### [Activity]
The answer must consist solely of the lines below starting at the one containing "LGBTQA+ Healthcare Mental" and ending at the one containing "Mediterranean College: 36η", repeated exactly, with both ends included and all pictures omitted.

### [Records to use]
______
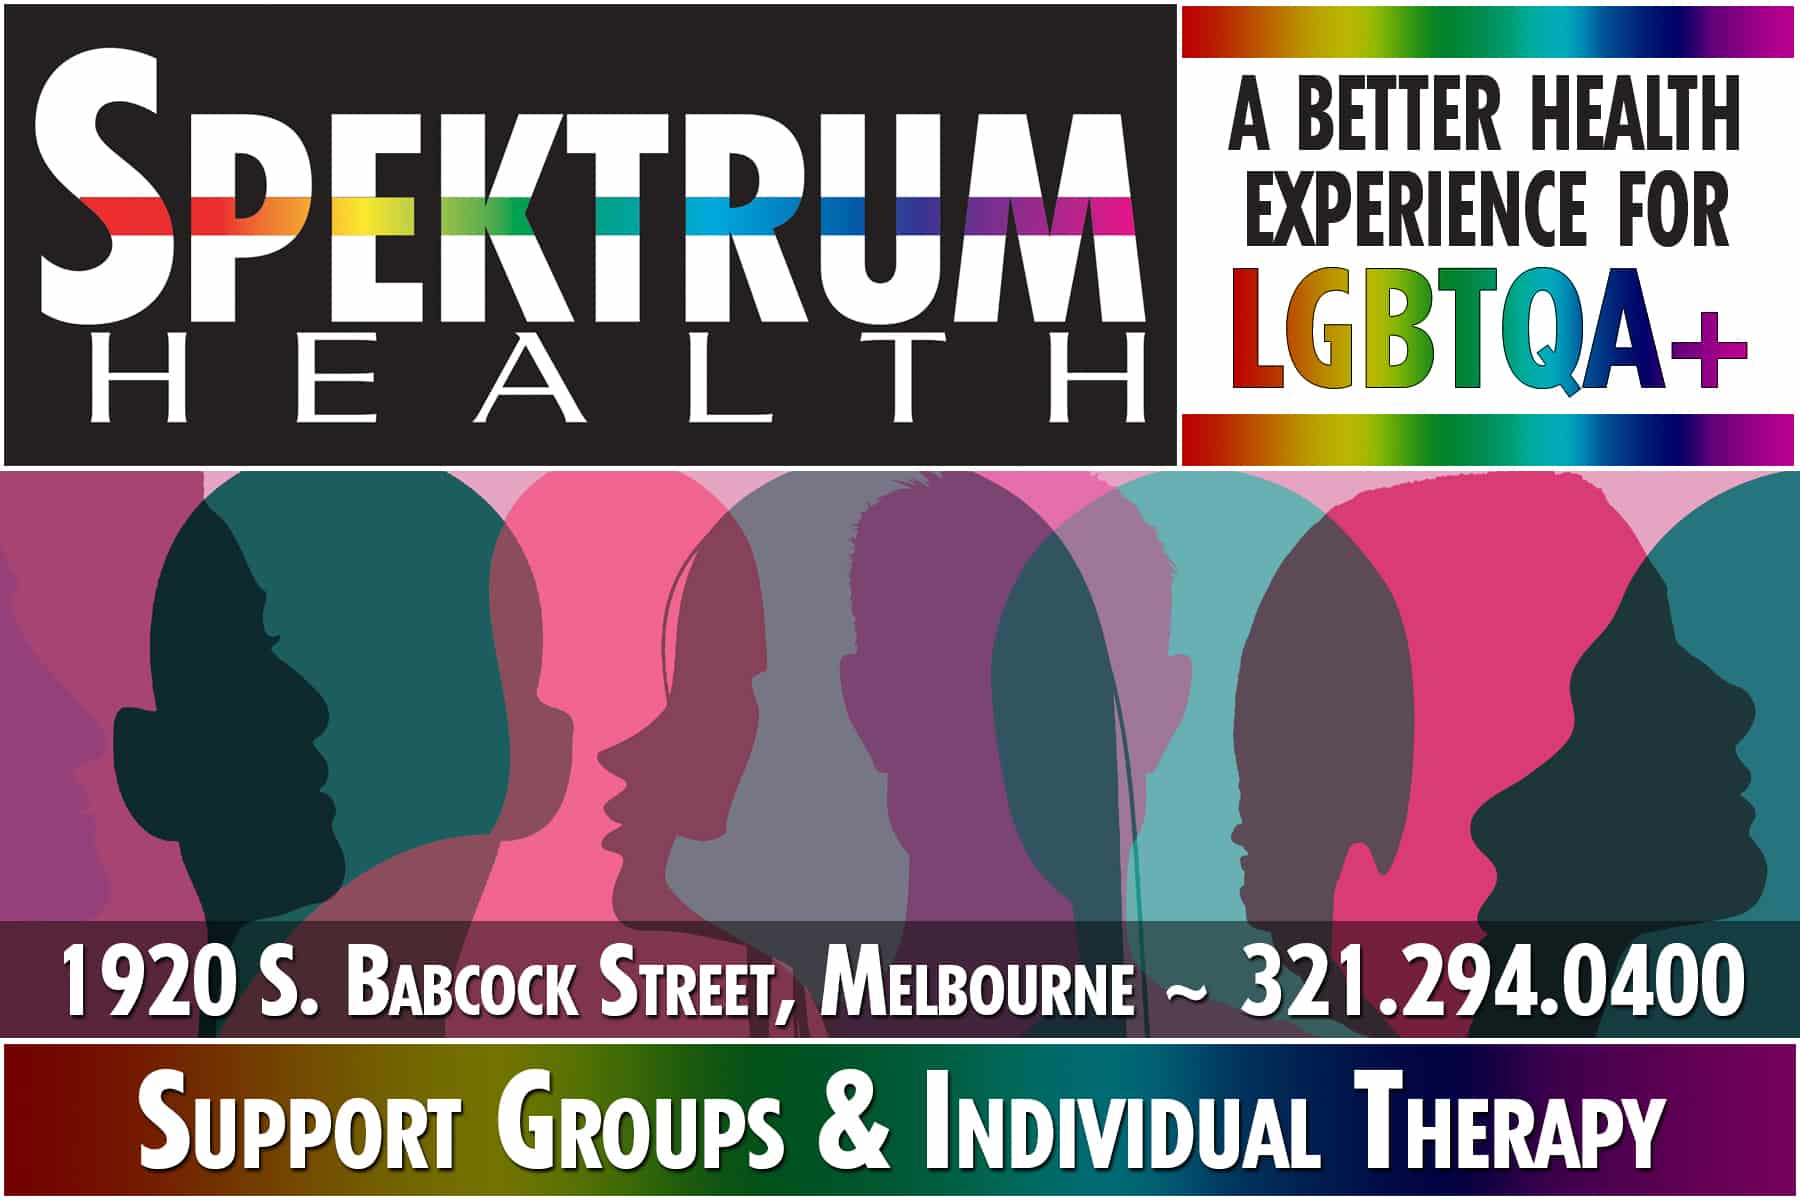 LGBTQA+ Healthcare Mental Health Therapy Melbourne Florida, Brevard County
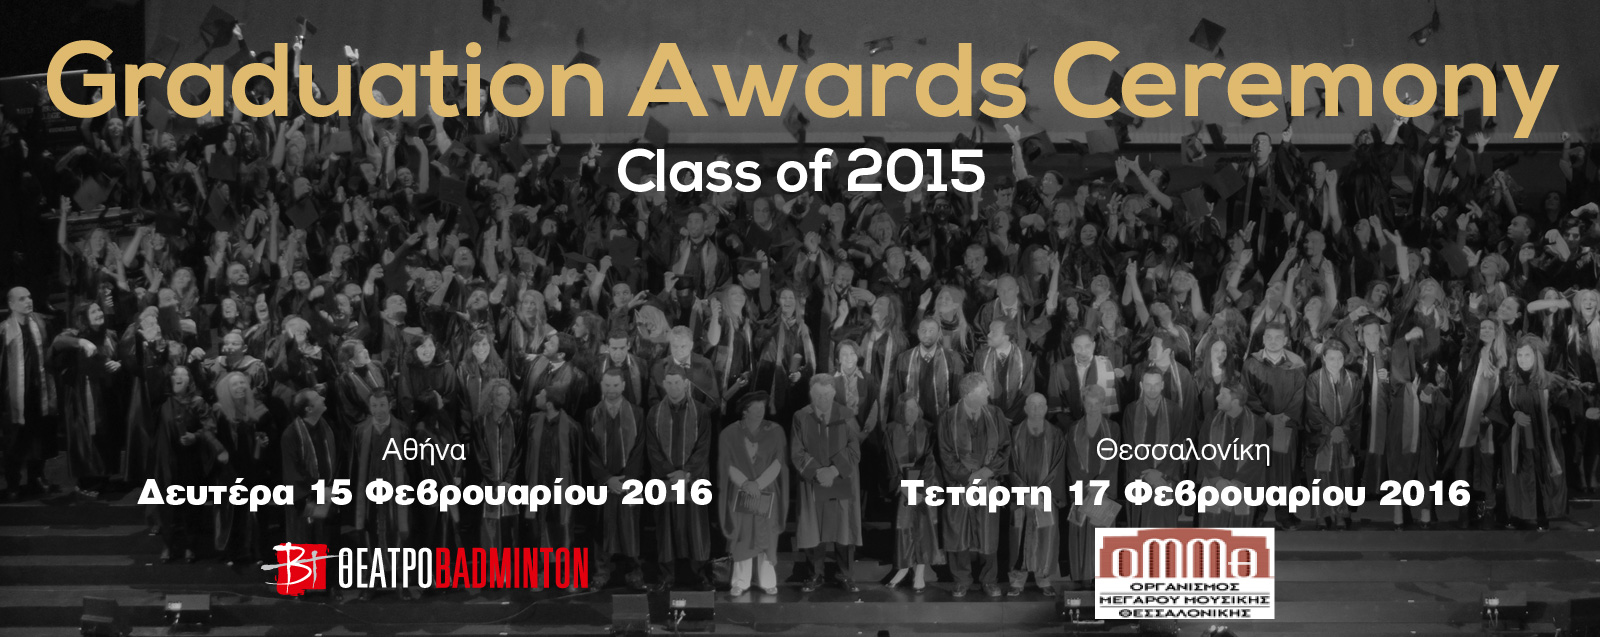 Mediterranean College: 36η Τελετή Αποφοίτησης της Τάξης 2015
______
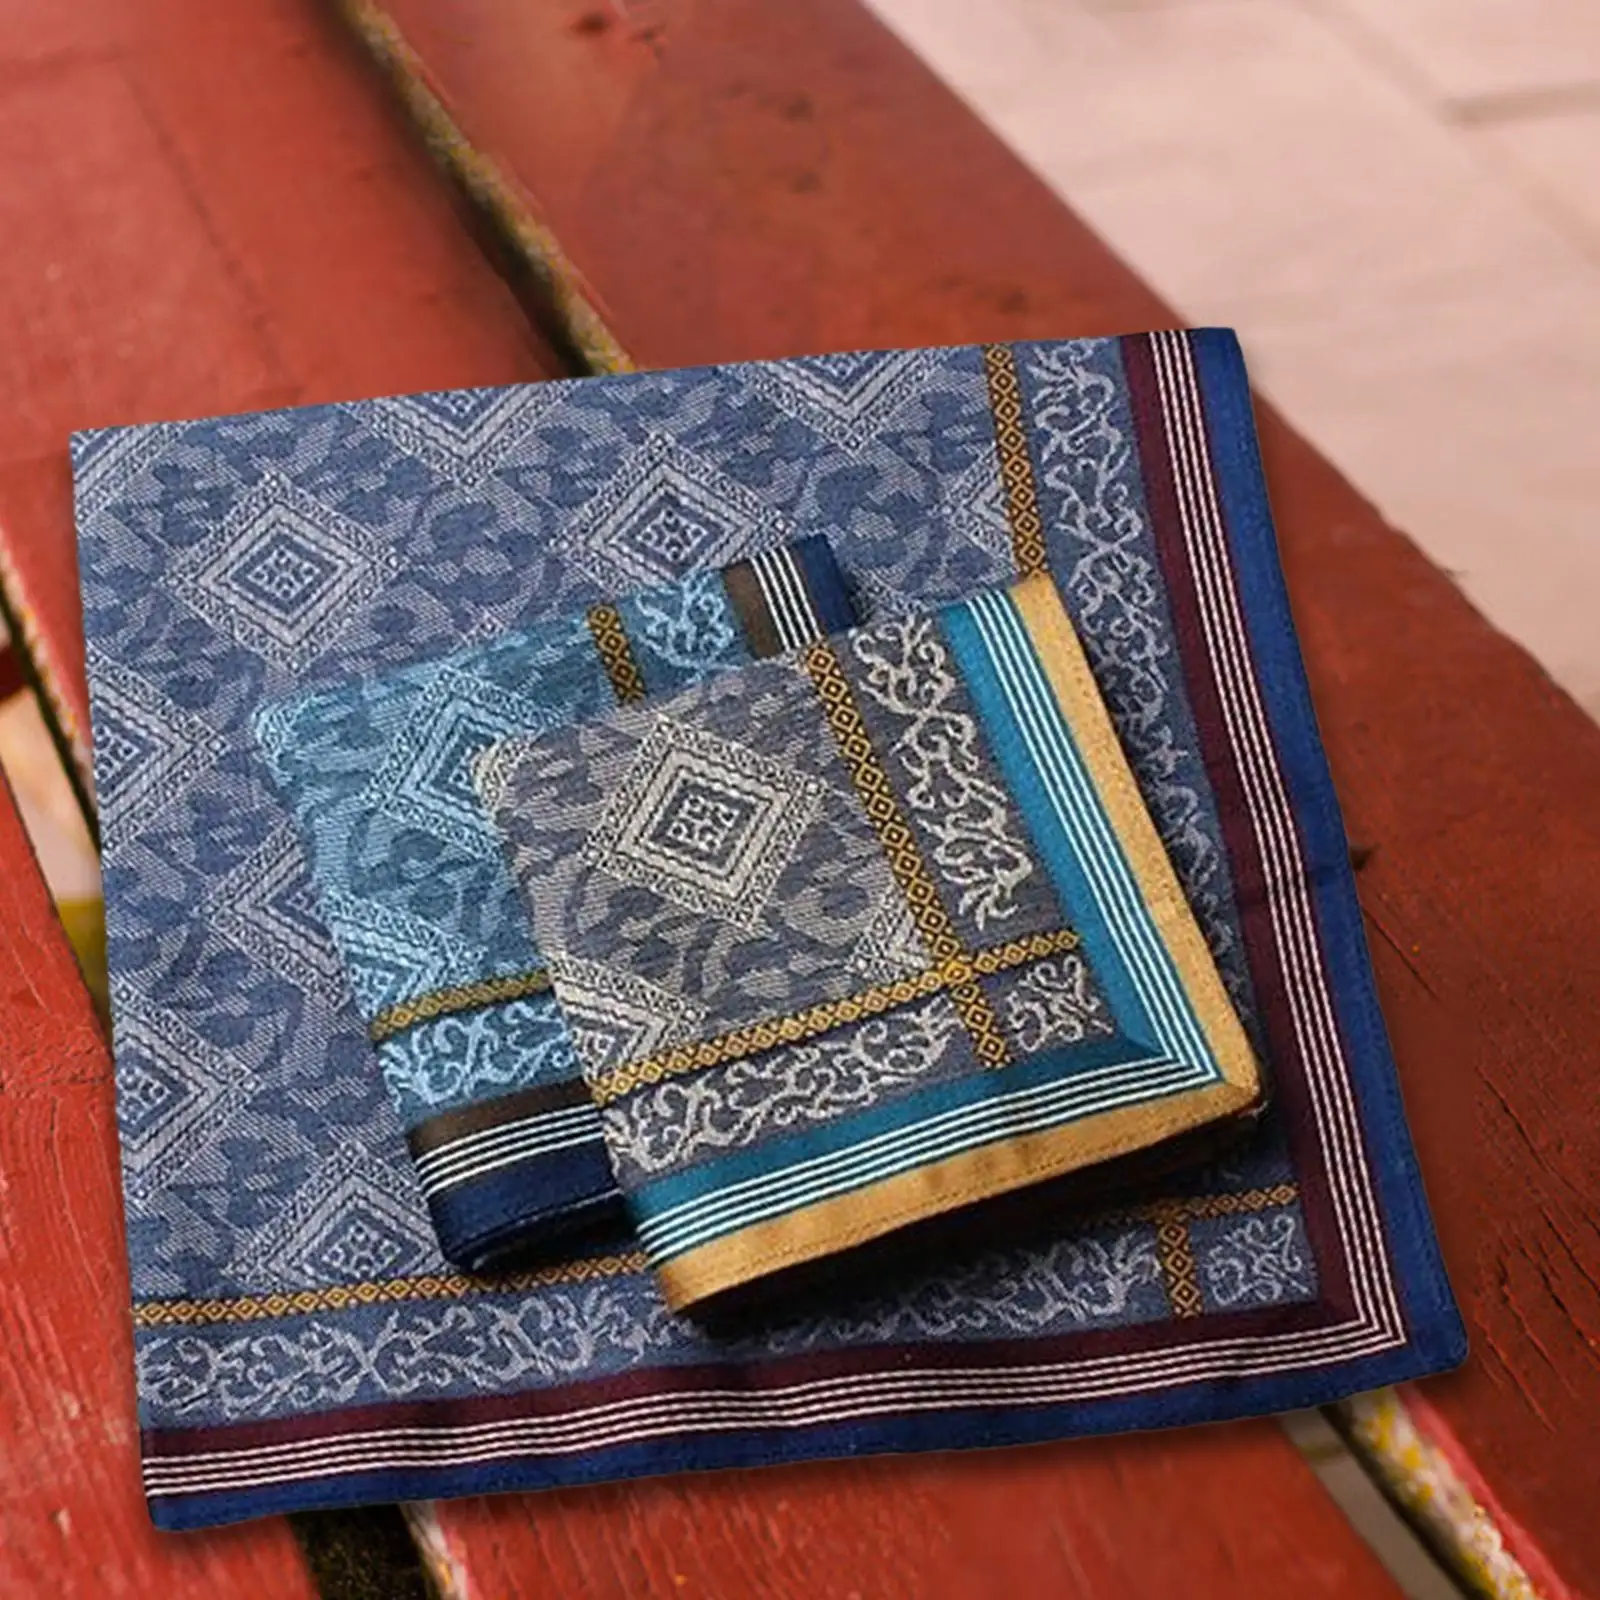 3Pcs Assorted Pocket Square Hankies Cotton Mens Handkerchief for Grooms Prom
______
### [Your response]
 LGBTQA+ Healthcare Mental Health Therapy Melbourne Florida, Brevard County
 Mediterranean College: 36η Τελετή Αποφοίτησης της Τάξης 2015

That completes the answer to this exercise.